Last Monday I had a 2 p.m. appointment and just enough time to get there.

Then the phone rang with a long-distance call.

And the dog wouldn’t go back in the yard because he was freaked out by an approaching storm. How does a deaf dog know thunder is rolling over the mountain?

Fifteen minutes later as I drove to my meeting (late), I thought back to another time when time made all the difference …

After a long haul from our last rodeo in Turlock, California, we stopped in Lovelock, Nevada, on our way to a rodeo in Charlotte, Iowa – which, according to the map, was on the other side of the planet.

Not really, it just looked that far away.

Mike, my rodeo bullfighter/barrel-man husband was hurting after the Turlock performance because the charge on one of his comedy acts had blown up in his hands. Blistered all the skin on both palms.

But with a bottle of pure aloe vera gel and cotton gloves, he’d driven all the way from Turlock to Lovelock anyway. (Ever try to tell a cowboy he can’t do something?)

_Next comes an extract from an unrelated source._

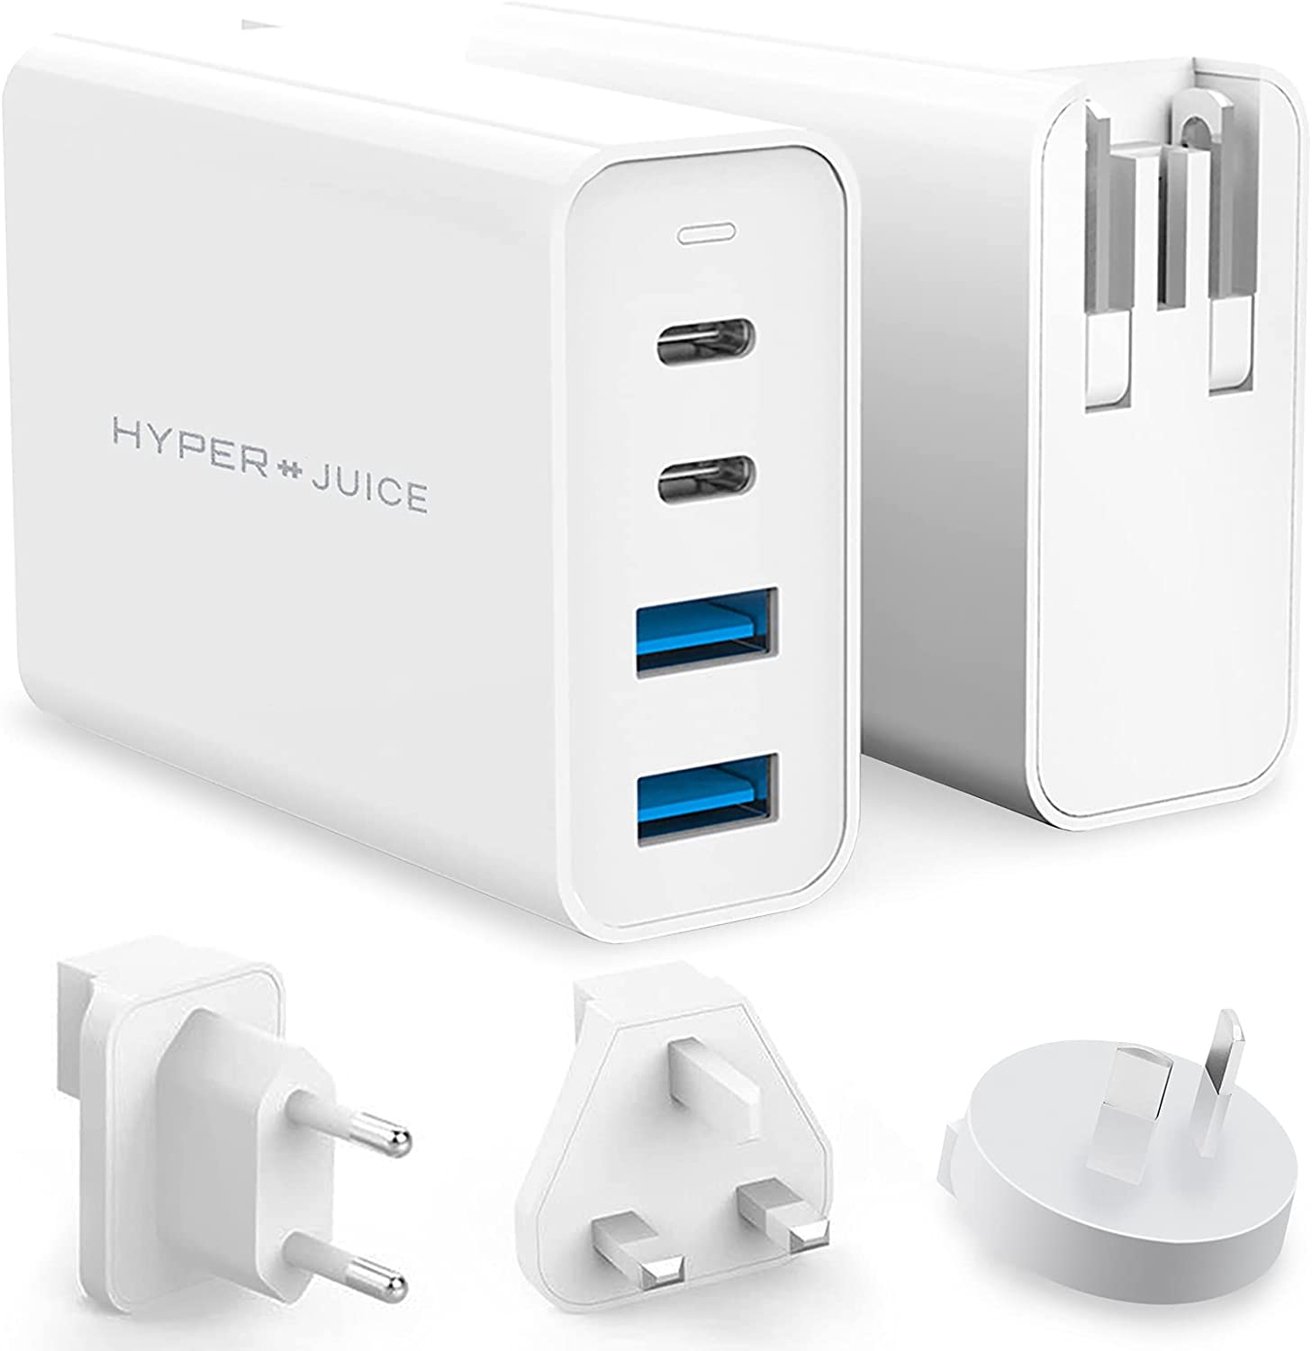 HyperJuice charger

The motel was a treat. Our two children swam in the pool, we rested up, then headed out late the next evening because driving across country in the summer was easier on the animals and the kids if we covered most of the distance at night. And Charlotte, Iowa, was still more than halfway across the country.

I took the first shift as the sun set in my side mirrors. I loved driving across the desert at night. Did you know that you can see stars all the way down to the horizon?

The kids were in the sleeper attached to our 2.5-ton International Harvester diesel truck, and Mike reclined in the passenger seat, working on a nap.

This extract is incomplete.